While Rishi Sunak was optimistic about the future of electric car sales, he said more time was needed to lower costs for motorists before switching.
Paul Holland said: “Even if the Government has momentarily stalled in its drive towards an electric future, fleets themselves and road users in general have powerful incentives to switch away from fossil fuels.
“This is why we’re still seeing an increase in electric vehicle usage even after the grants for EVs have ceased.
“There are three factors driving the use of EVs, even when the Government is moving away from incentivising them: price, sustainability and flexibility.”
The expert highlighted how fuel prices needed to come down for all motorists to be able to continue driving comfortably, saying that the Government could be doing more to bring prices down.
Currently, the average price for a litre of petrol at the pumps is 155.49p, while diesel prices are almost 7p more expensive at 162.19p.
Prices for both petrol and diesel are cheaper at supermarkets as experts often urge drivers to check where they can fuel up for as cheap as possible.
The UK is on target to hit 100,000 chargers by 2025, although there are some fears over whether the Government is still planning on meeting its original target of 300,000 chargers by the end of the decade.
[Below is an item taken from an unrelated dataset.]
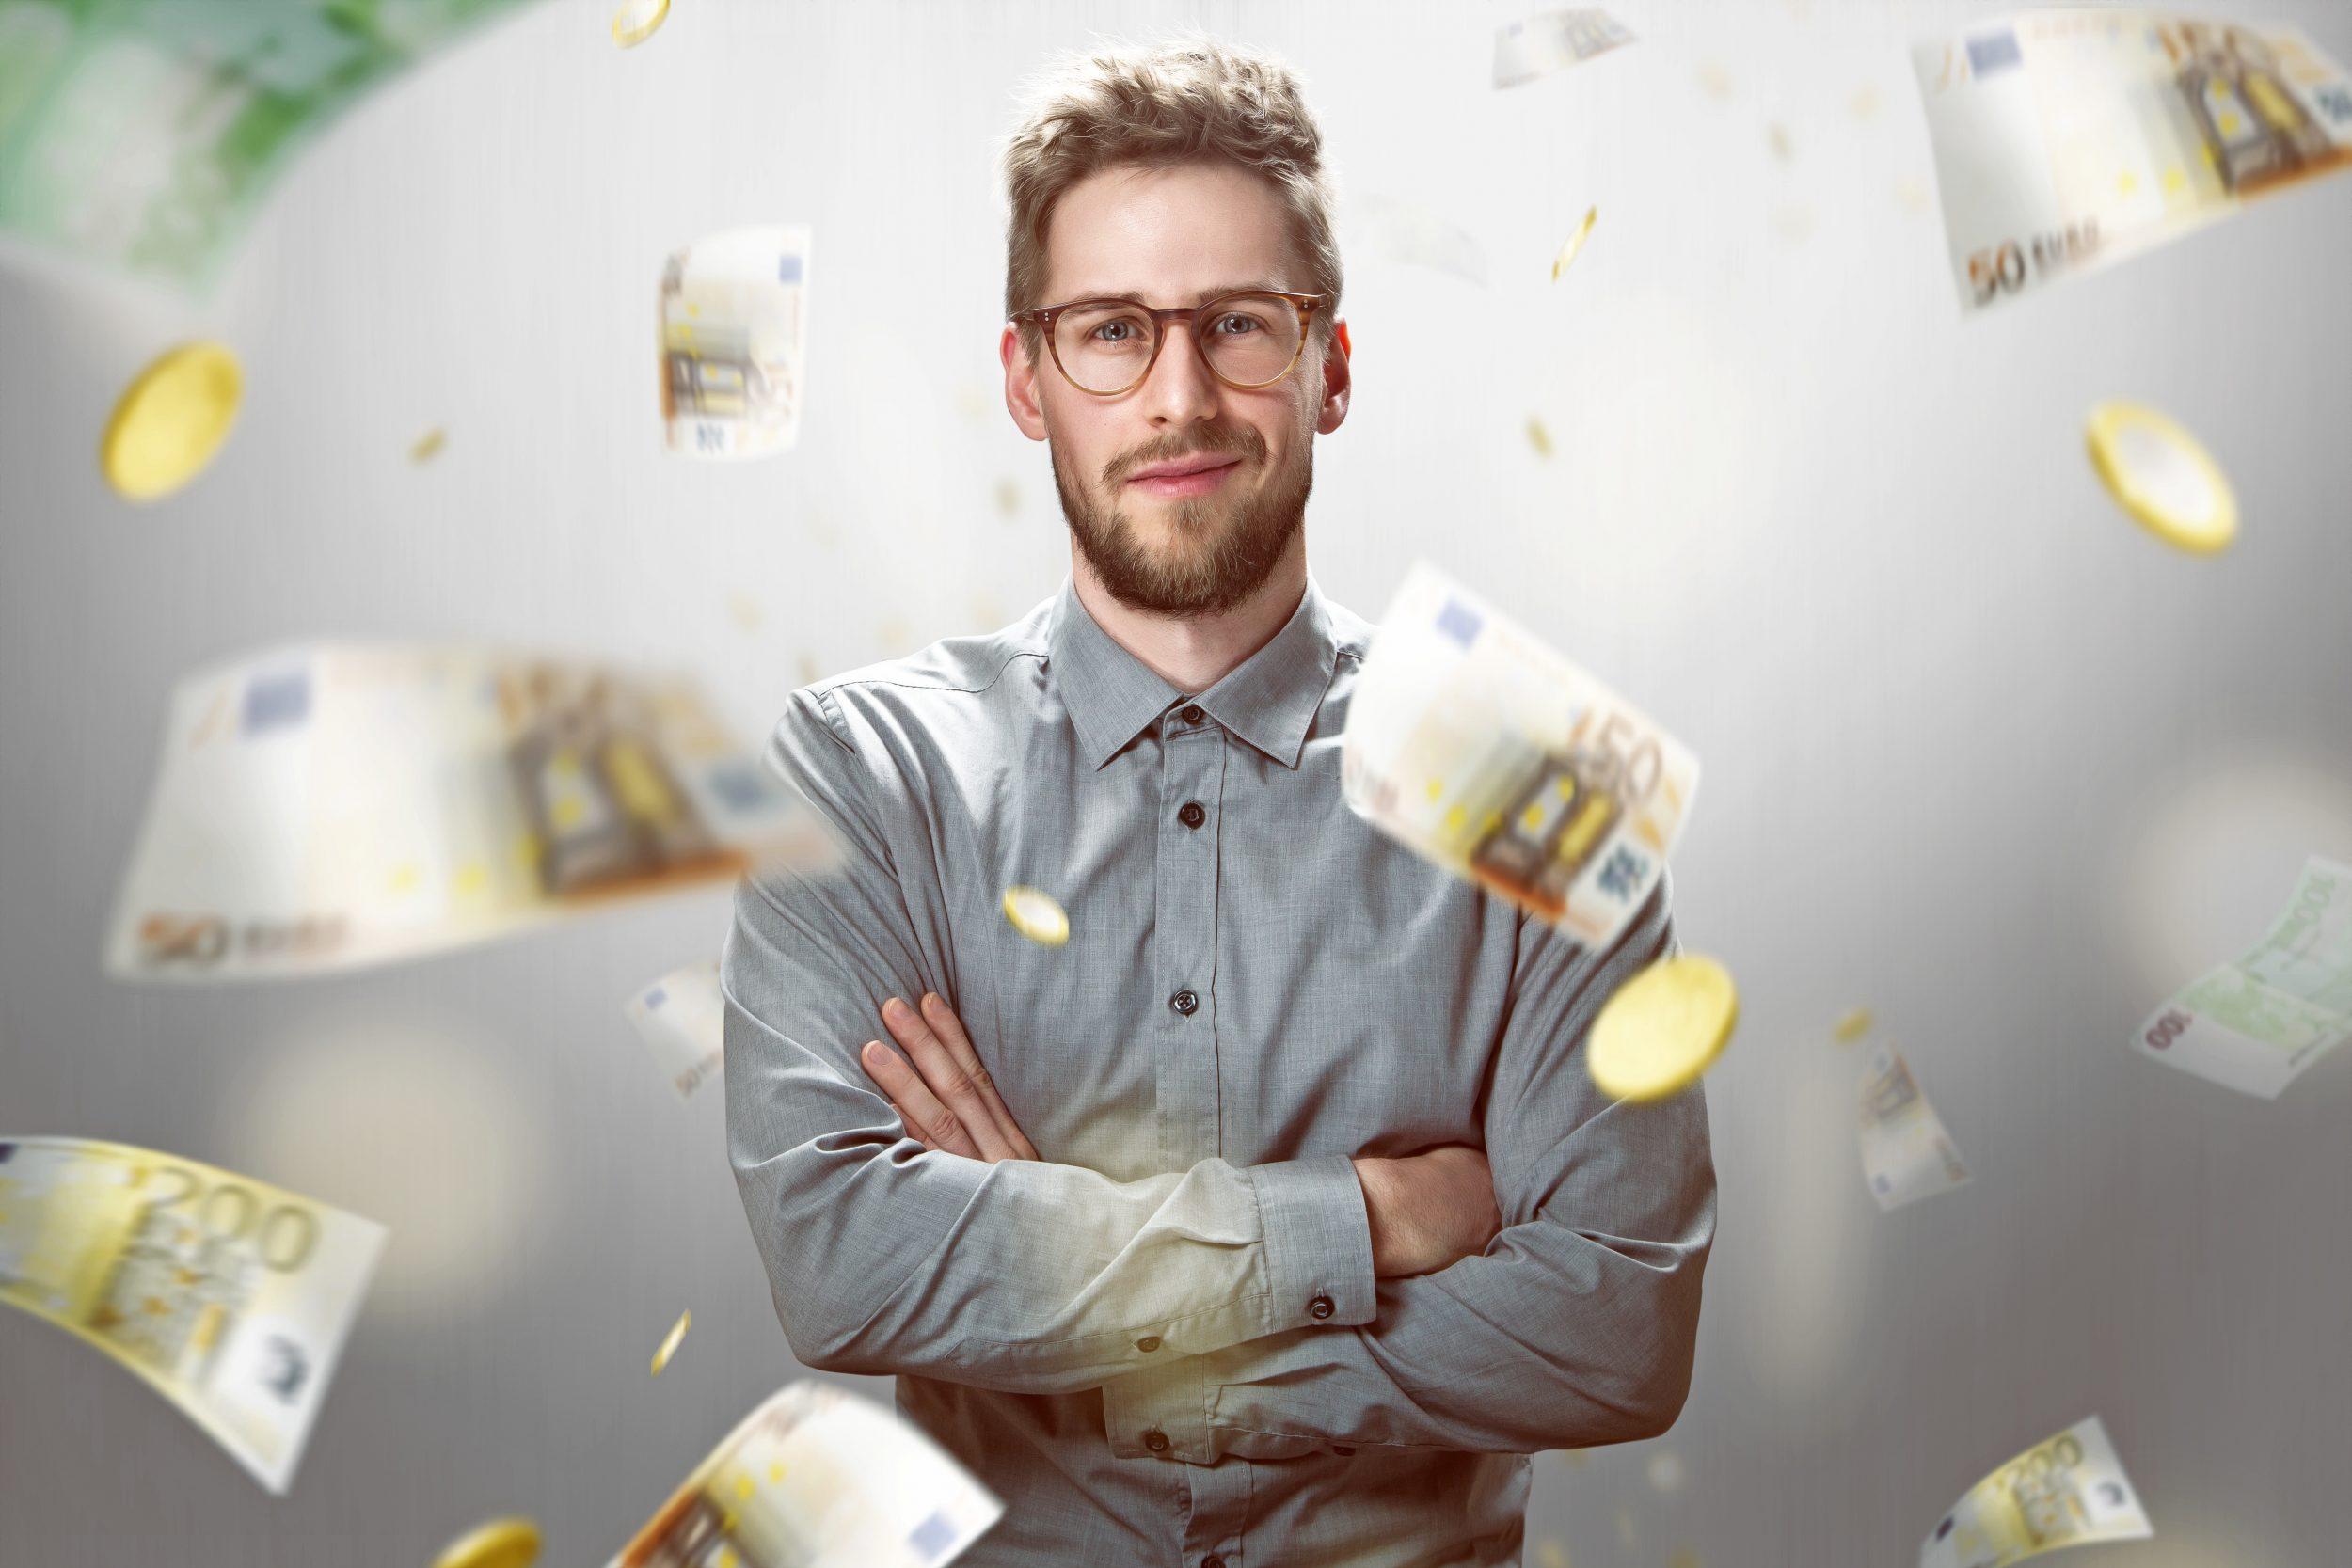 Online Store Dating Website Busines, Make Money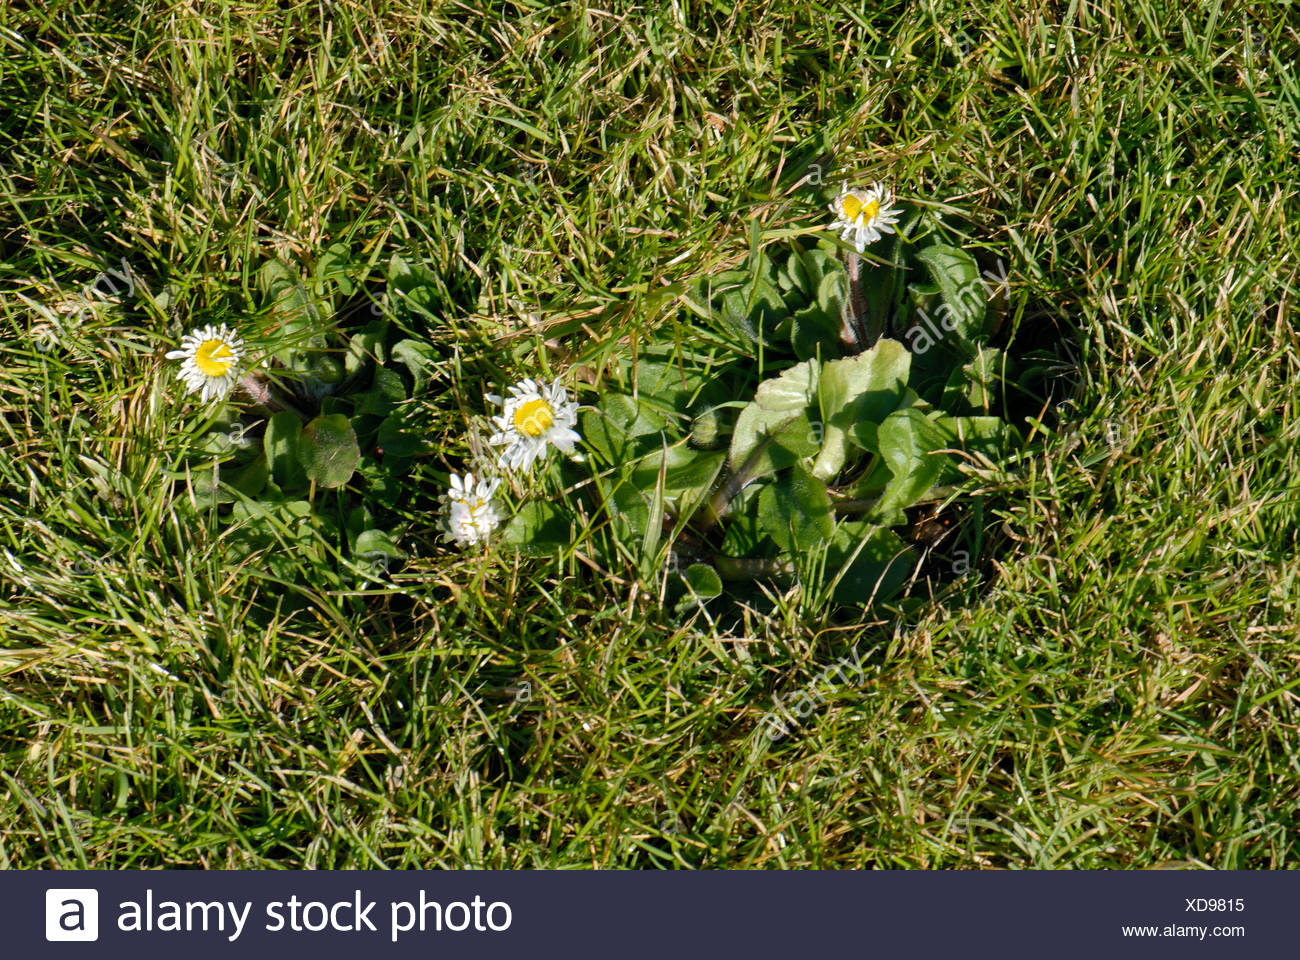 Flowering daisy Bellis perennis in a garden lawn Stock Photo

Some are even suggesting that the Government could bring back a form of incentive system to help motorists switch to cleaner vehicles.
Paul Holland concluded, saying: “While we await further details and the true impact of the Prime Minister’s delay to 2035 and net zero strategies, as well as what will be included in the Autumn statement, we know truly that it will not impact the progress made by all stakeholders as we all work towards sustainable mobility.”